TASK INSTRUCTIONS —
Please make sure what you return matches the listing below exactly, minus its pictures.

== DATA

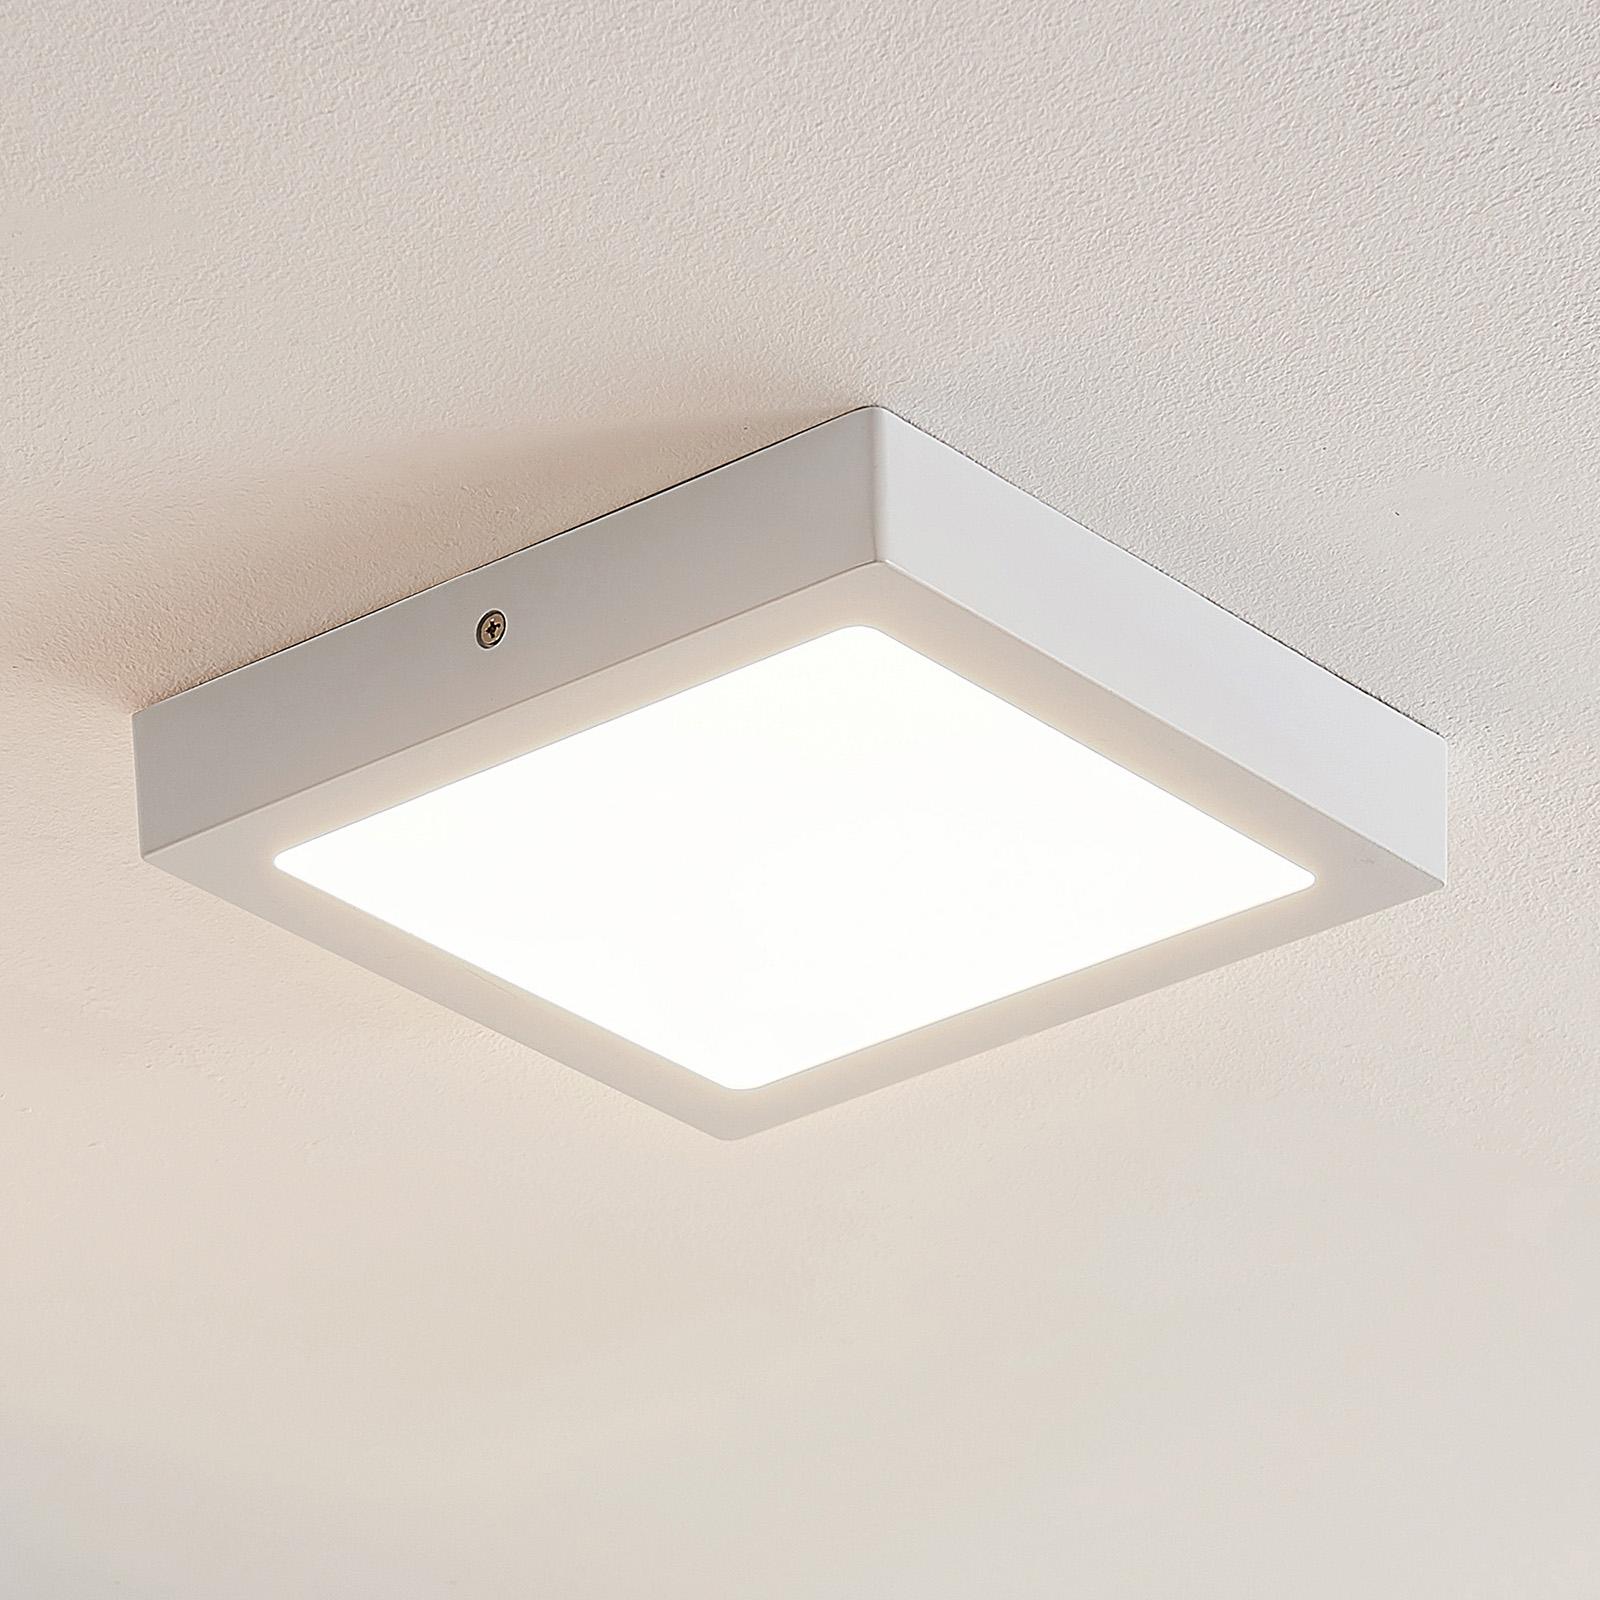 ELC Merina lampa sufitowa LED biała, 21,5 x 21,5cm
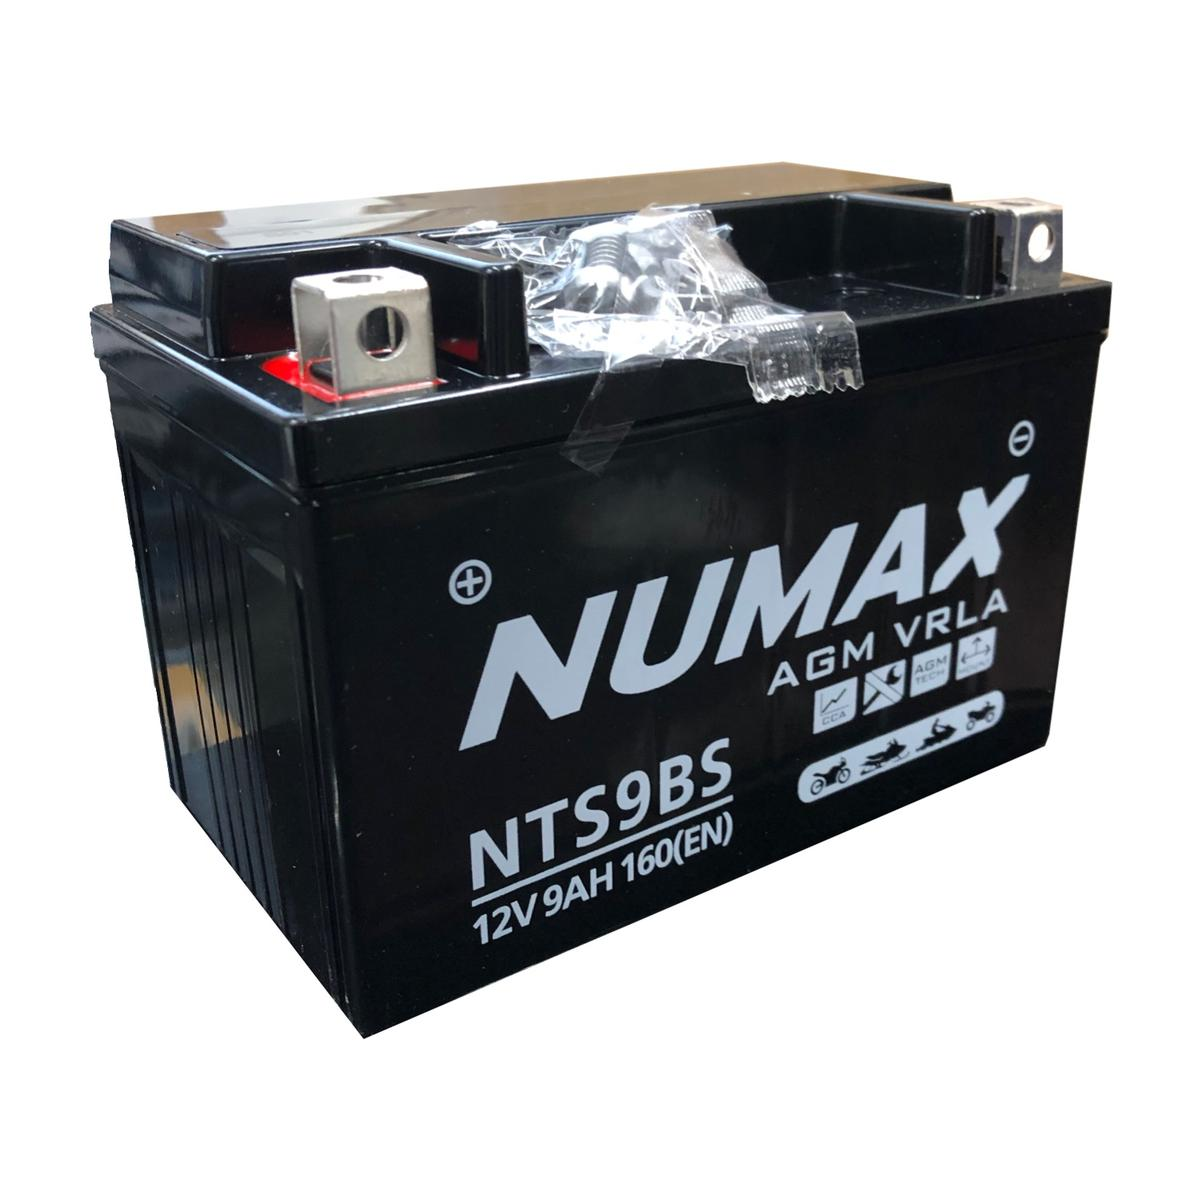 Numax NTS9BS 12v Motorbike Bike Battery KYMCO 150cc Heroism YXT9-4
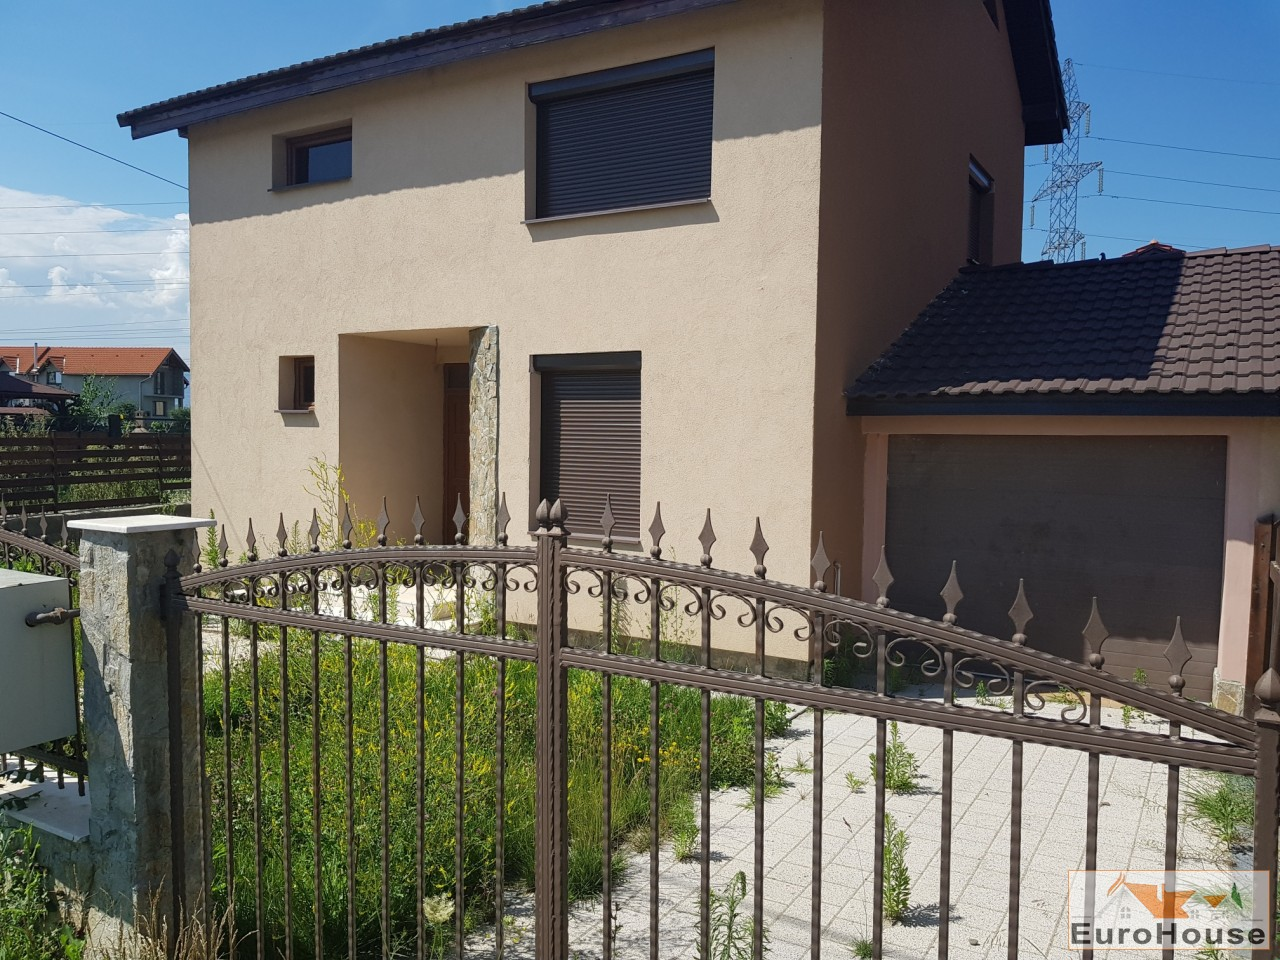 Casa de inchiriat Alba Iulia-33589-
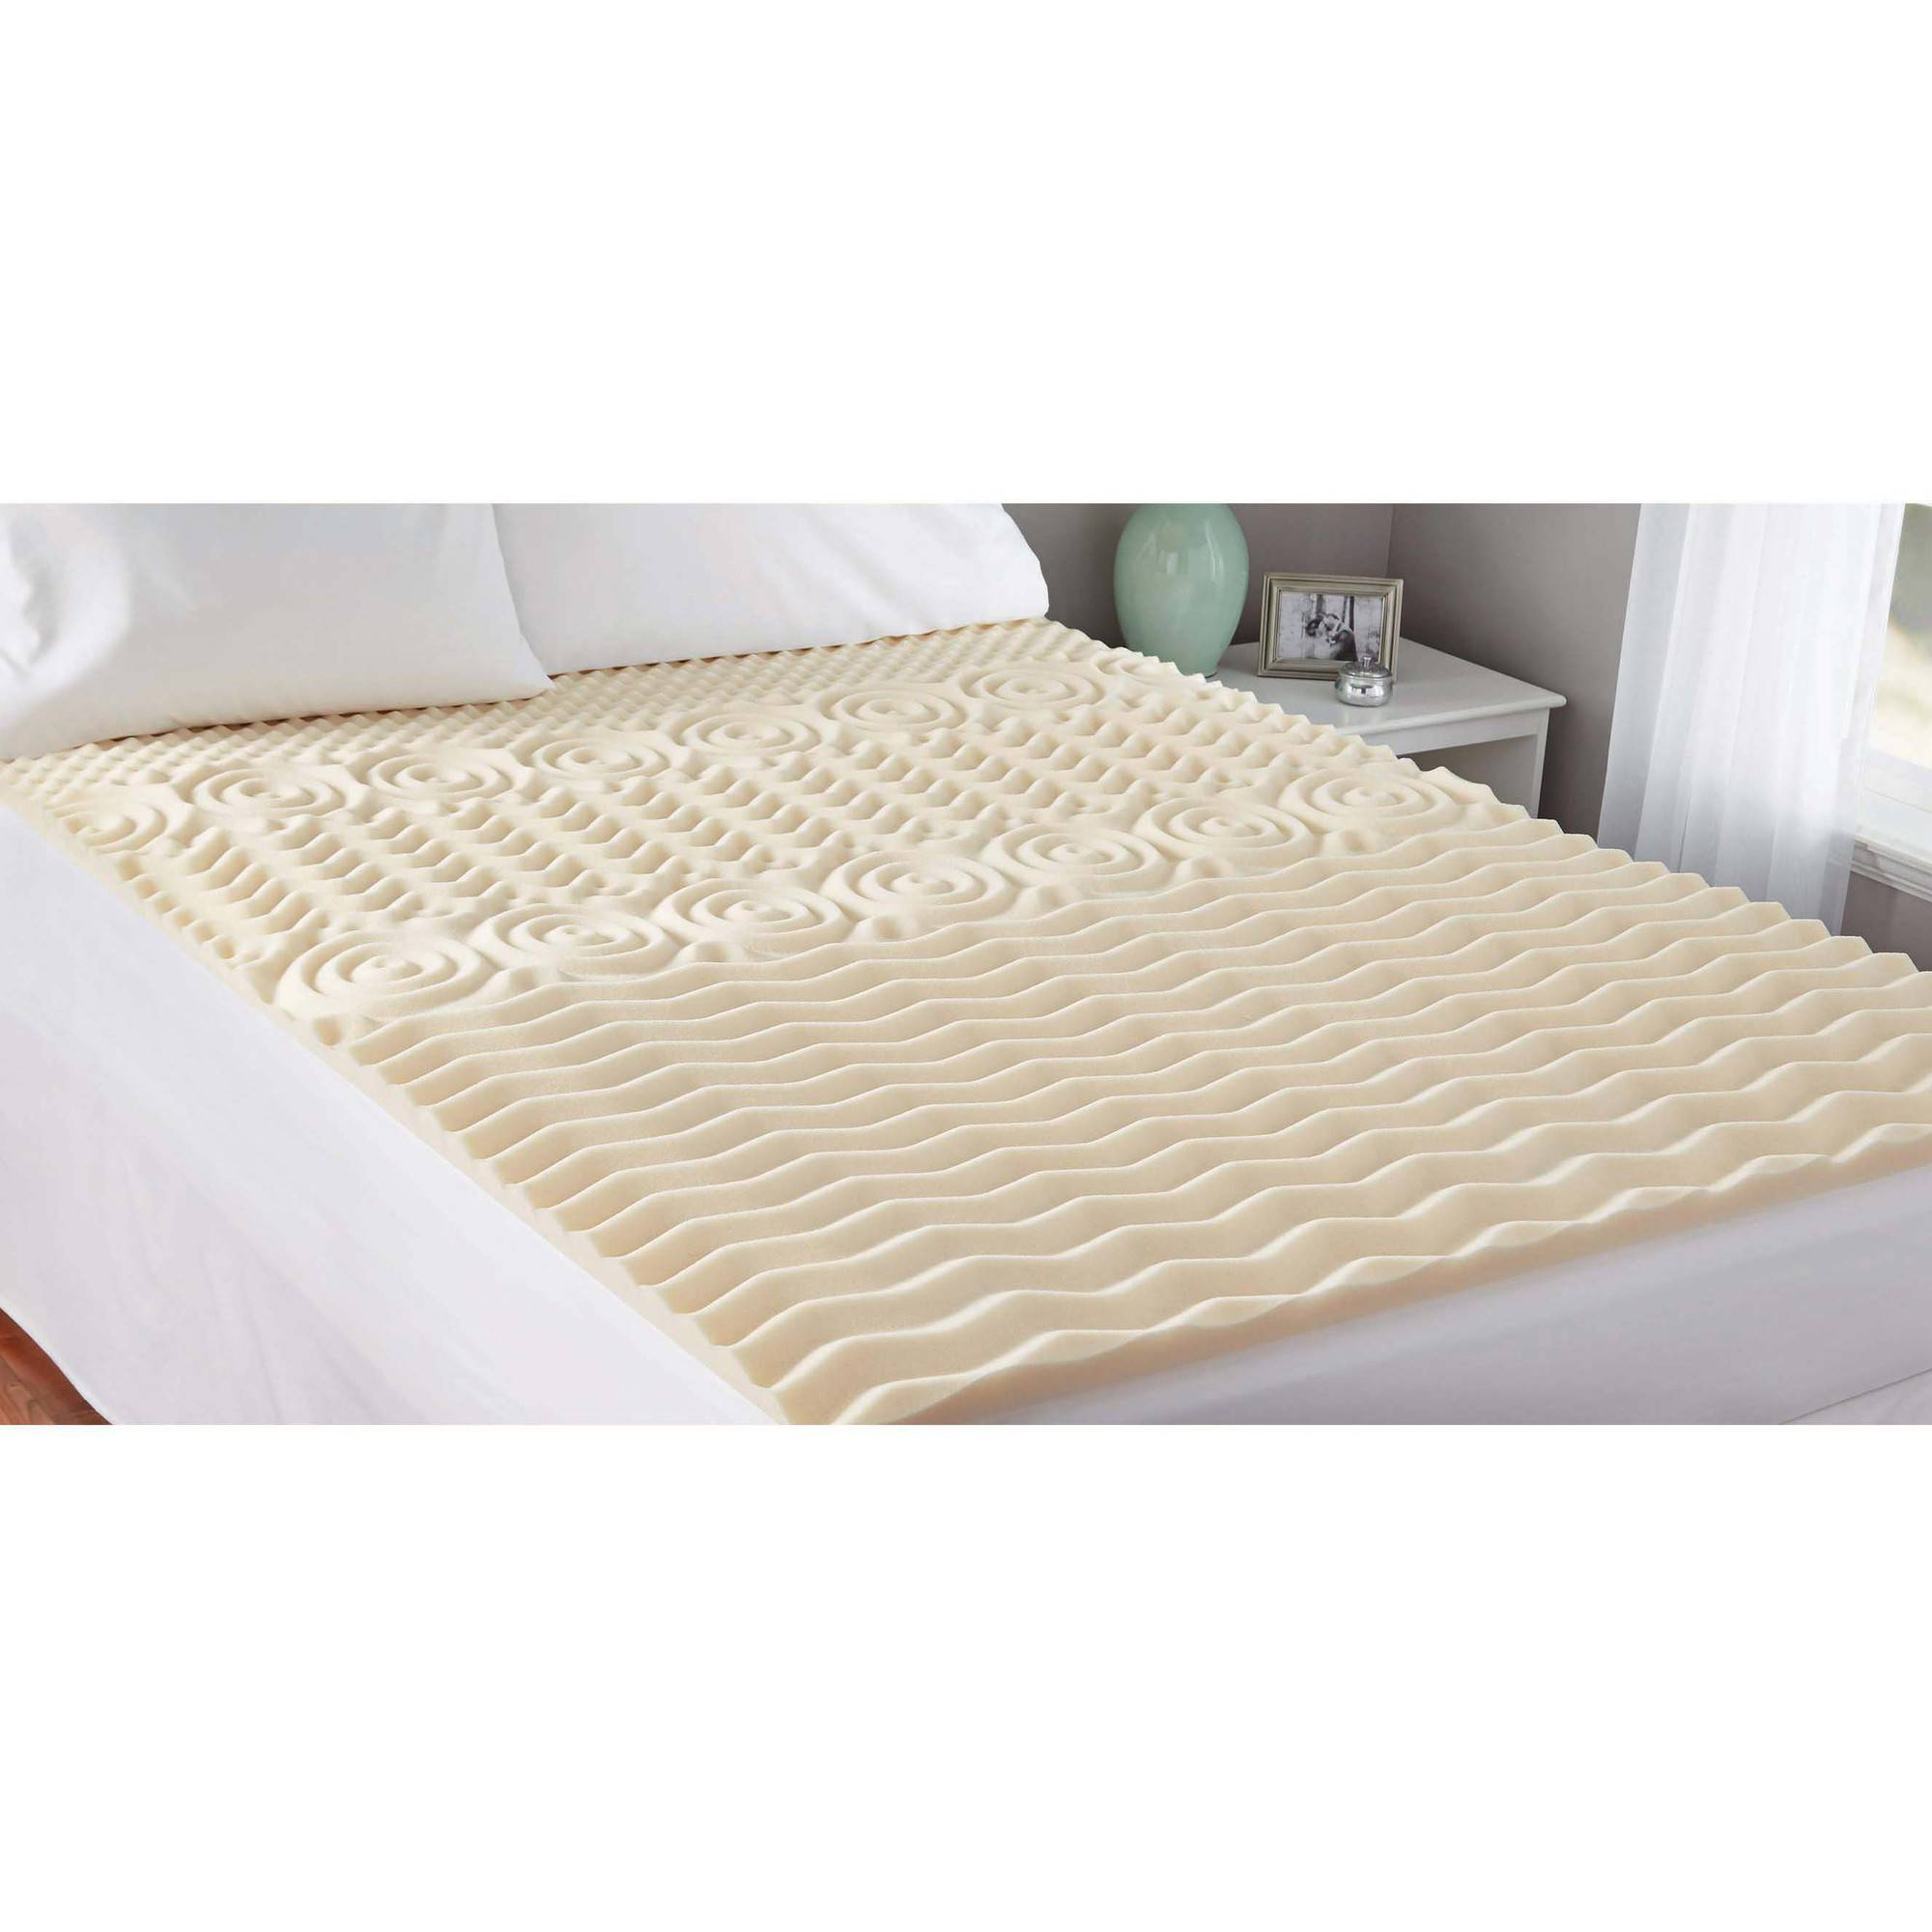 Home design mattress pad 28 images home design waterproof mattress pad 2017 2018 new home - Home design mattress pads ...

====

WRITTEN ANSWER —
 ELC Merina lampa sufitowa LED biała, 21,5 x 21,5cm
 Numax NTS9BS 12v Motorbike Bike Battery KYMCO 150cc Heroism YXT9-4
 Casa de inchiriat Alba Iulia-33589-
 Home design mattress pad 28 images home design waterproof mattress pad 2017 2018 new home - Home design mattress pads ...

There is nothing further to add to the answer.